You are viewing a plain text version of this content. The canonical link for it is here.
Posted to user@beam.apache.org by Ahmet Altay <al...@google.com> on 2021/11/24 16:40:04 UTC

Re: Beam/Python to BigTable

Thank you for the update Pierre!

On Fri, Oct 22, 2021 at 1:13 PM Pierre Oberholzer <
pierre.oberholzer@gmail.com> wrote:

> Hi,
>
> I found the issue and can now write from Beam/Python to BigTable.
> You just need to create FIRST the column family before writing (here with
> cbt):
>
> `cbt -instance test-instance createfamily test-table cf1`
>

Is this documented?

@Israel Herraiz <ih...@google.com> @Chamikara Jayalath <ch...@google.com>
/cc @David Huntsperger <dh...@google.com>


> Confusing is that no error is thrown when the column family is not
> existing.
> There seems to be a similar issue with cbt [1]. It'd be great to correct
> this.
> Let me know if I should raise another bug.
>

Could you please file a jira issue at
https://issues.apache.org/jira/projects/BEAM/issues ?


>
> Thanks !
>
> [1] https://issuetracker.google.com/issues/186053077
>
> Pierre
>
> Le mer. 20 oct. 2021 à 04:18, Pierre Oberholzer <
> pierre.oberholzer@gmail.com> a écrit :
>
>> Hi Bryan,
>>
>> Thanks again for your reply last week.
>> I’ve raised a ticket here:
>>
>> https://issuetracker.google.com/issues/202977204
>>
>> Is that what you mean by GCP support ?
>> Any idea on how reactive it is ?
>> Any other alternative to use meanwhile (Java I/O in Python)?
>>
>> Thanks for your support !
>>
>> Best regards, Pierre
>>
>> ---------- Message transféré ---------
>> De : Pierre Oberholzer <pi...@gmail.com>
>> Date : sam. 16 oct. 2021 à 08:47
>> Objet : Re: Beam/Python to BigTable
>> À : <us...@beam.apache.org>, <ih...@google.com>
>>
>>
>> Hi Everyone,
>>
>> I have raised a bug on GCP for this.
>> But..am I the only one trying to write from Beam to BigTable in Python ?
>> Is that a warning sign showing that this combo is not mature ?
>> Is there any attempt using the Java connector in Python ?
>>
>> Glad to hear about your experience and advice - and of course about other
>> ideas to solve this "bug".
>>
>> Thanks !
>>
>> Le mer. 13 oct. 2021 à 18:14, Pierre Oberholzer <
>> pierre.oberholzer@gmail.com> a écrit :
>>
>>> Hi Brian,
>>>
>>> Yes I do execute a run() at the end, and I see the Dataflow completing
>>> on the GUI (link <https://console.cloud.google.com/dataflow/jobs>).
>>> Thanks for asking ;)
>>> Is there maybe a commit () missing as referred to here
>>> <https://googleapis.dev/python/bigtable/latest/row.html#google.cloud.bigtable.row.DirectRow>,
>>> and if yes, where to put it in the pipeline ?
>>>
>>> Le mer. 13 oct. 2021 à 18:08, Brian Hulette <bh...@google.com> a
>>> écrit :
>>>
>>>> Hey Pierre,
>>>> Sorry for the silly question but I have to ask - are you actually
>>>> running the pipeline?

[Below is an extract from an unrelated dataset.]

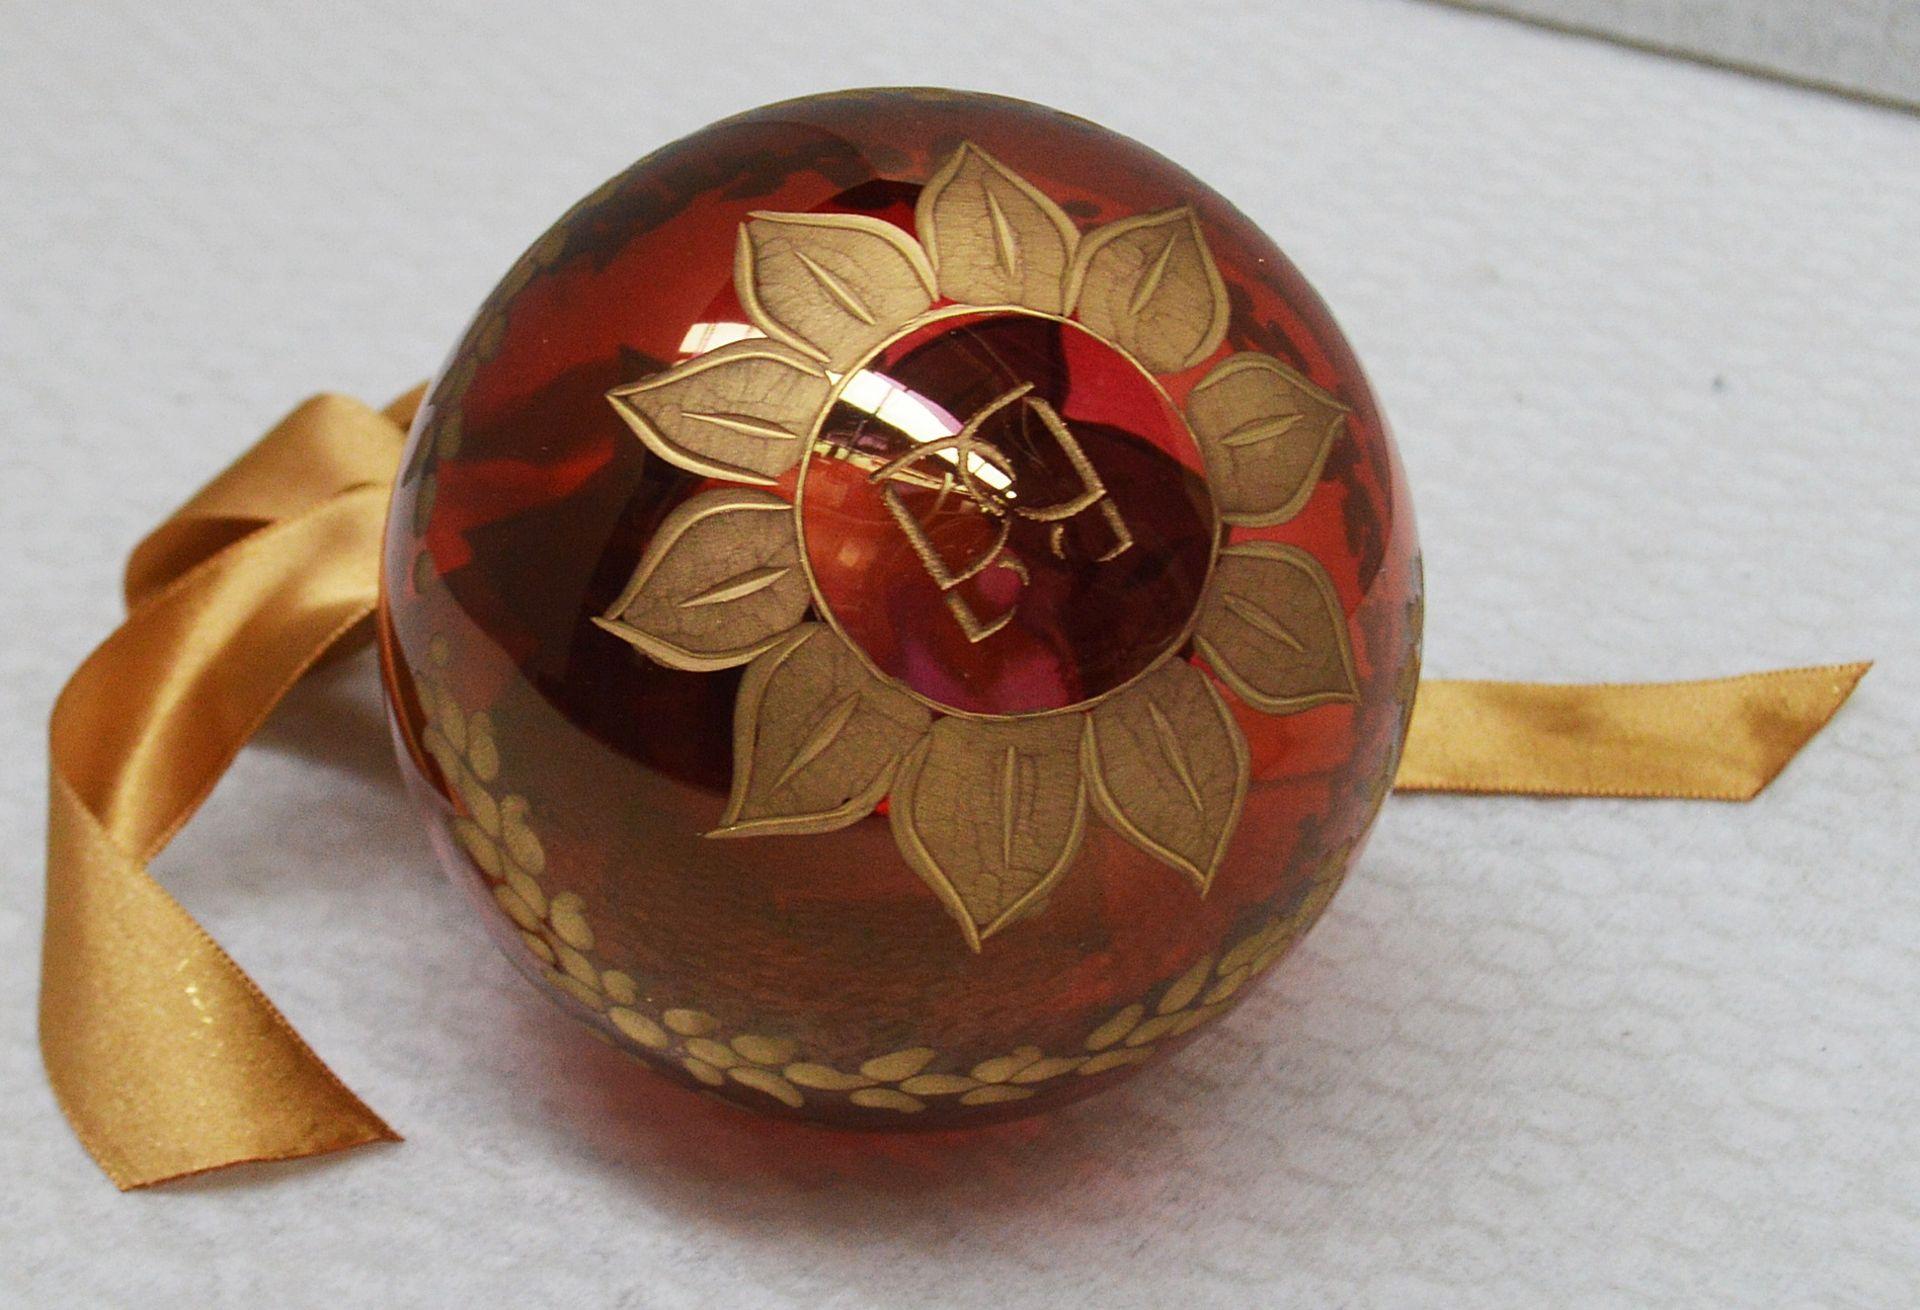 1 x BALDI 'Home Jewels' Italian Hand-crafted Artisan Christmas Tree Decoration - RRP £114.00 - Image 2 of 5

In your initial snippet you created the pipeline in a
>>>> context (with beam.Pipeline() as p:), which will run the pipeline when you
>>>> exit. But your latest snippet doesn't show the context, or a call to
>>>> p.run(). Are they missing, or just not shown?
>>>>
>>>> Otherwise I don't see anything obviously wrong with your code. You
>>>> might try contacting GCP support, since you're working with two GCP
>>>> products.
>>>>
>>>> Brian
>>>>
>>>> On Tue, Oct 12, 2021 at 10:22 PM Pierre Oberholzer <
>>>> pierre.oberholzer@gmail.com> wrote:
>>>>
>>>>> Dear Community,
>>>>>
>>>>> Glad to get your support here !
>>>>> Issue: empty BigTable when using the Python/Beam connector.
>>>>>
>>>>> Thanks !
>>>>>
>>>>> Le dim. 10 oct. 2021 à 14:34, Pierre Oberholzer <
>>>>> pierre.oberholzer@gmail.com> a écrit :
>>>>>
>>>>>> Thanks Israel, this helped. No error anymore, but the table remains
>>>>>> empty with this code
>>>>>> <https://stackoverflow.com/questions/63035772/streaming-pipeline-in-dataflow-to-bigtable-python>
>>>>>> .
>>>>>>
>>>>>> *Code*
>>>>>>
>>>>>> class CreateRowFn(beam.DoFn):
>>>>>>
>>>>>>     def process(self, key):
>>>>>>         direct_row = row.DirectRow(row_key=key)
>>>>>>         direct_row.set_cell(
>>>>>>             "stats_summary",
>>>>>>             b"os_build",
>>>>>>             b"android",
>>>>>>             datetime.datetime.now())
>>>>>>         return [direct_row]
>>>>>>
>>>>>> _ = (p
>>>>>>                 |
>>>>>> beam.Create(["phone#4c410523#20190501","phone#4c410523#20190502"])
>>>>>>                 | beam.ParDo(CreateRowFn())
>>>>>>                 |
>>>>>> WriteToBigTable(project_id=pipeline_options.bigtable_project,
>>>>>>
>>>>>> instance_id=pipeline_options.bigtable_instance,
>>>>>>
>>>>>> table_id=pipeline_options.bigtable_table)
>>>>>> *Issue*
>>>>>>
>>>>>> Empty table
>>>>>> (checked with happybase and check = [(key,row) for key, row in
>>>>>> table.scan()])
>>>>>>
>>>>>> Thanks !
>>>>>>
>>>>>> Le sam. 9 oct. 2021 à 21:37, Israel Herraiz <ih...@google.com> a
>>>>>> écrit :
>>>>>>
>>>>>>> You have to write DirectRows to Bigtable, not strings. For more
>>>>>>> info, please see
>>>>>>> https://googleapis.dev/python/bigtable/latest/row.html#google.cloud.bigtable.row.DirectRow
>>>>>>>
>>>>>>
>>>>>>
>>>>>> --
>>>>>> Pierre
>>>>>>
>>>>>
>>>>>
>>>>> --
>>>>> Pierre
>>>>>
>>>>
>>>
>>> --
>>> Pierre
>>>
>>
>>
>> --
>> Pierre
>> --
>> Pierre
>>
>
>
> --
> Pierre
>